When Matisse began work on Fillette debout, the lessons of African sculpture—which he had first admired earlier that year at a curio shop called Chez le Père Sauvage—were at the forefront of his mind. Borrowing from the exaggerations and embellishments of tribal figurines that he had seen, he elongated the neck and torso of his sculpture of Marguerite and shortened and thickened the thighs; he gave the figurine an unexpectedly heavy coiffure, swelling breasts, projecting buttocks, and a pronounced roundness in the belly. These distortions imbue the sculpture with a new plastic and expressionist vigor, anticipating in a quiet way the more brutal deformations of Nu couché I (Aurore), 1907 and Figure décorative, 1908. The figure is no longer recognizable as an individual sitter; Matisse has overlaid Marguerite’s pre-adolescent form with a pronounced womanliness, which contrasts with the chaste, decorous pose to produce a powerful physical tension. The still, symmetrical stance of the figure—shoulders back, arms at the sides, hips level, and feet together, with only a slight turn of the head to disrupt the calm equilibrium—underscores its non-naturalistic conception, evoking the frontal posture and elegant formalism of archaic Greek korai, for example, or Amarna-period statuary.

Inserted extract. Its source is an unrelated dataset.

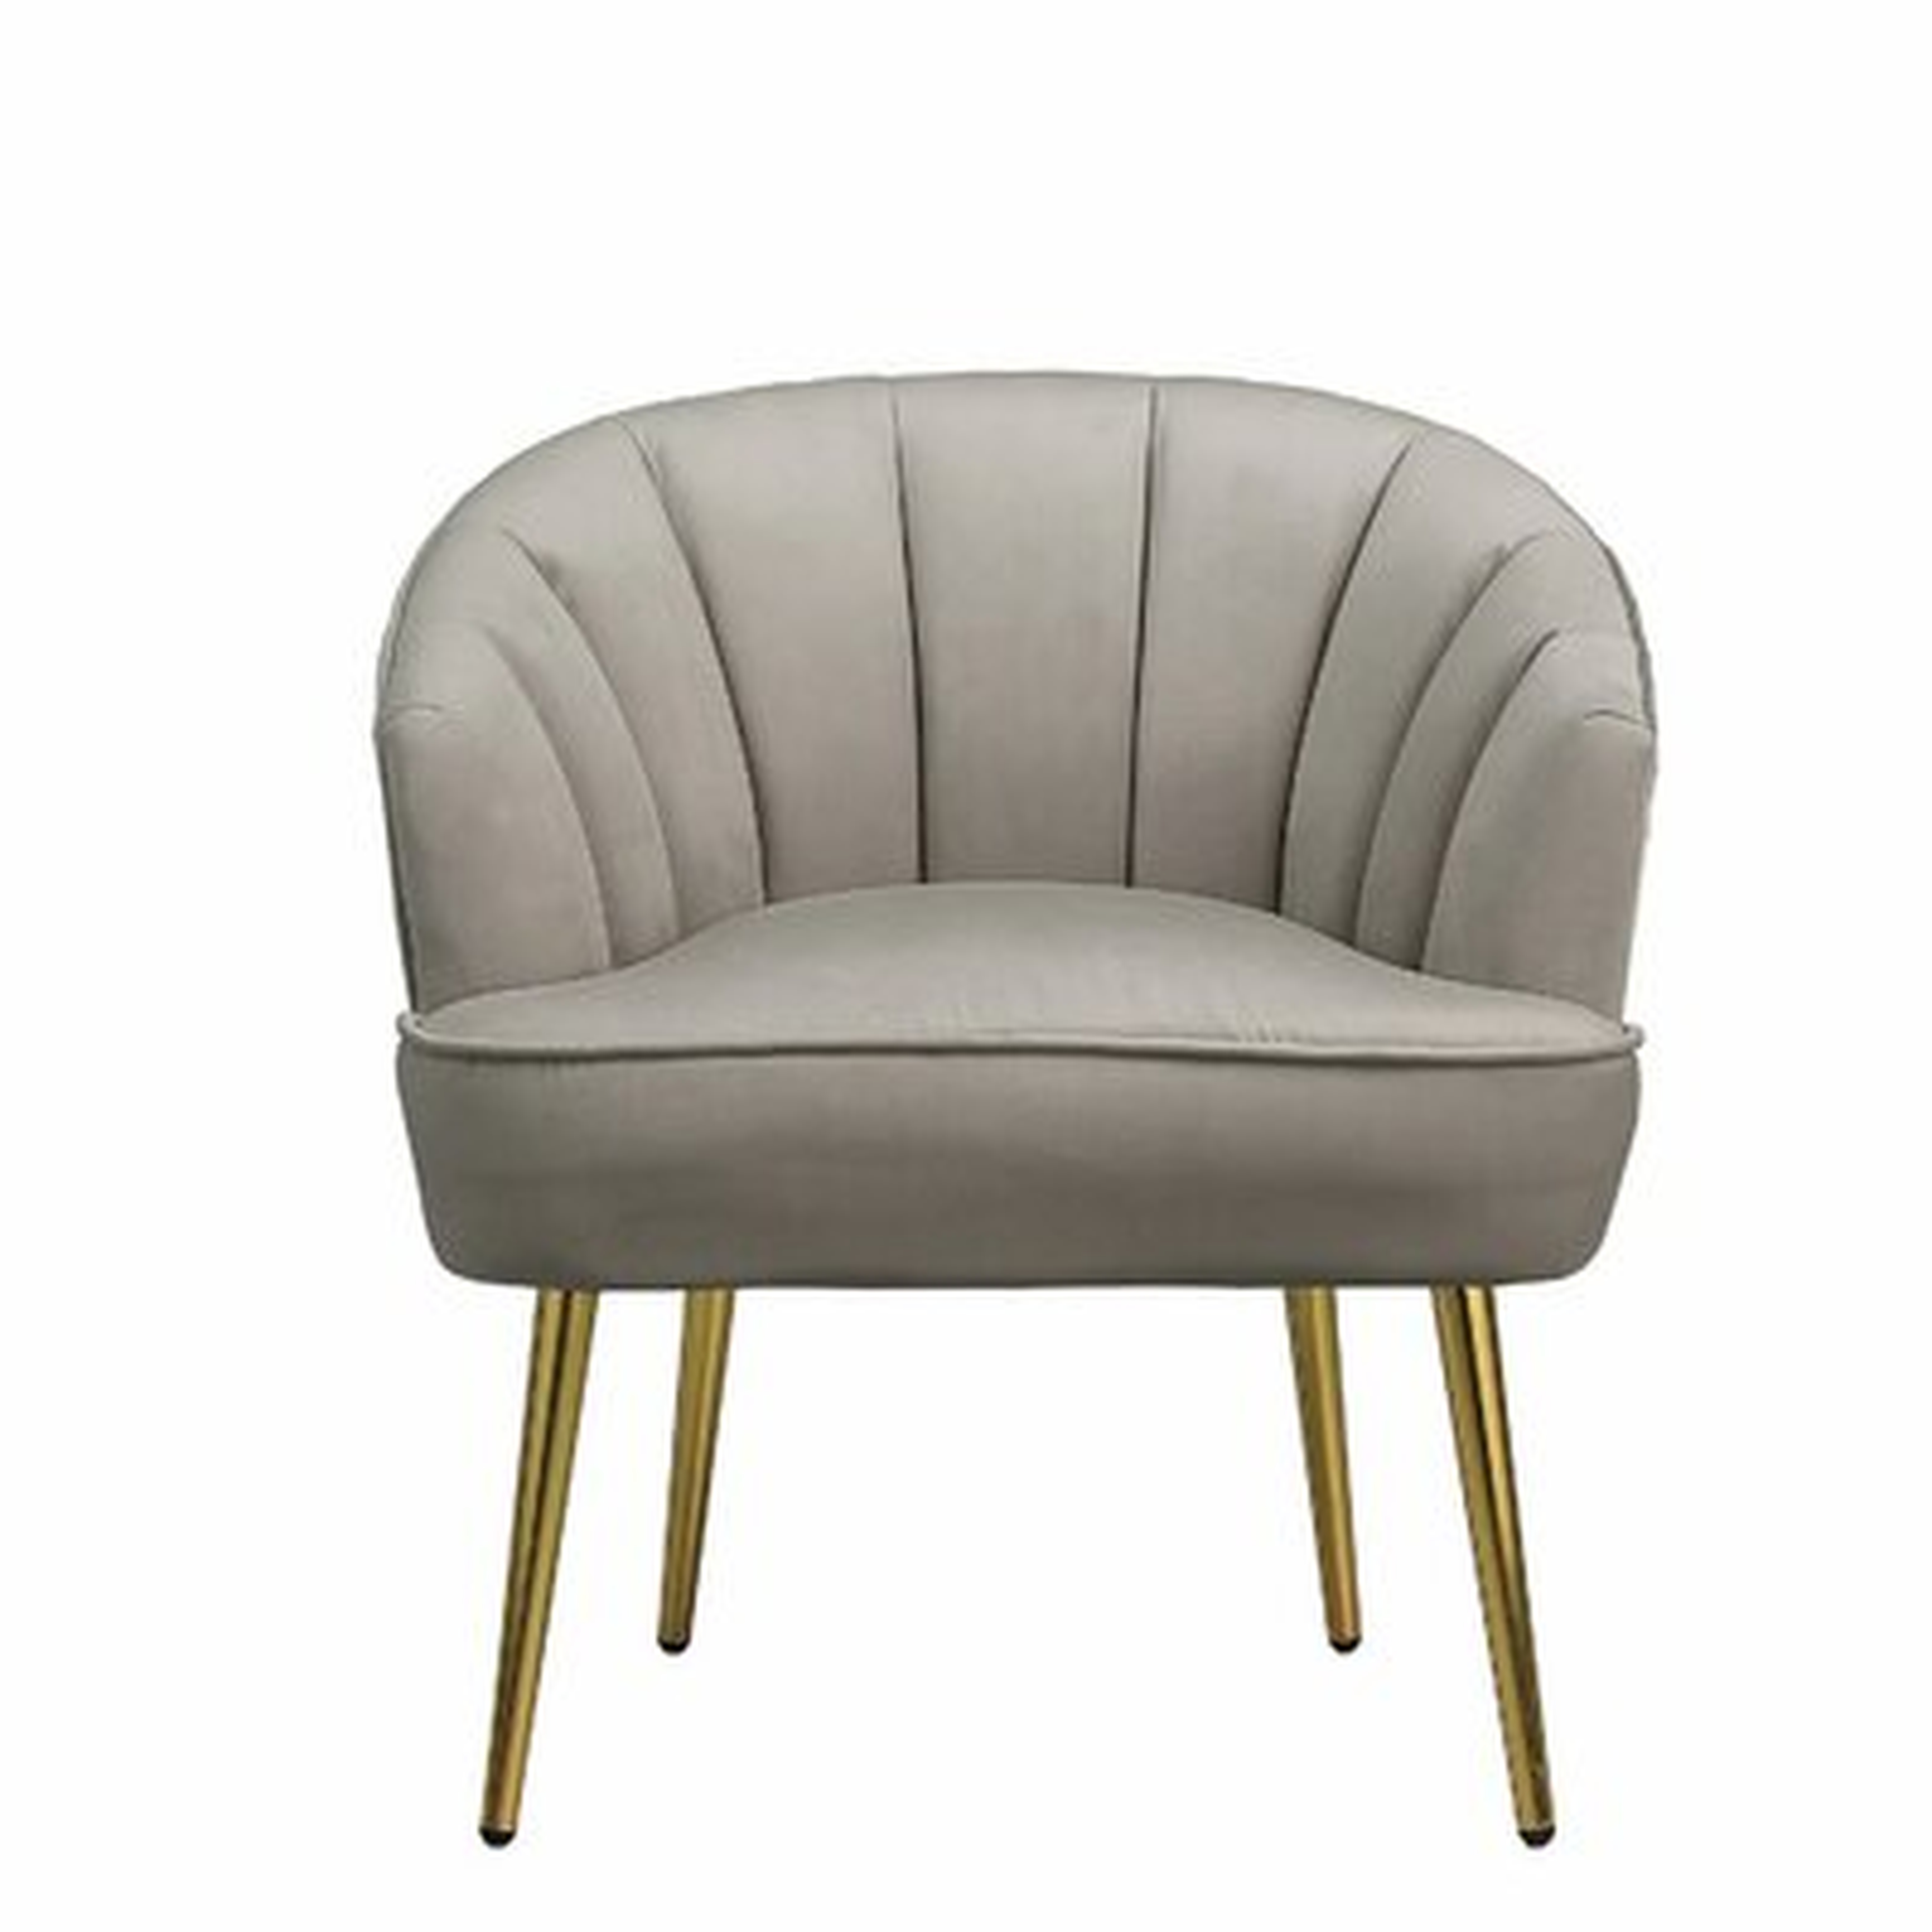 Modern Backrest Accent Chair For Living Room Bedroom Metal Leg,Velvet - Wayfair

“Sculpture once again became a testing ground,” Hilary Spurling has written. “Everything about the little figure of his daughter—its symmetrical stance, large head, long arms, short legs, prominent buttocks and belly—suggests how fast Matisse was moving away from anatomical construction towards the radical reinvention of the human body that impressed him in African or Egyptian sculpture” (op. cit., p. 363).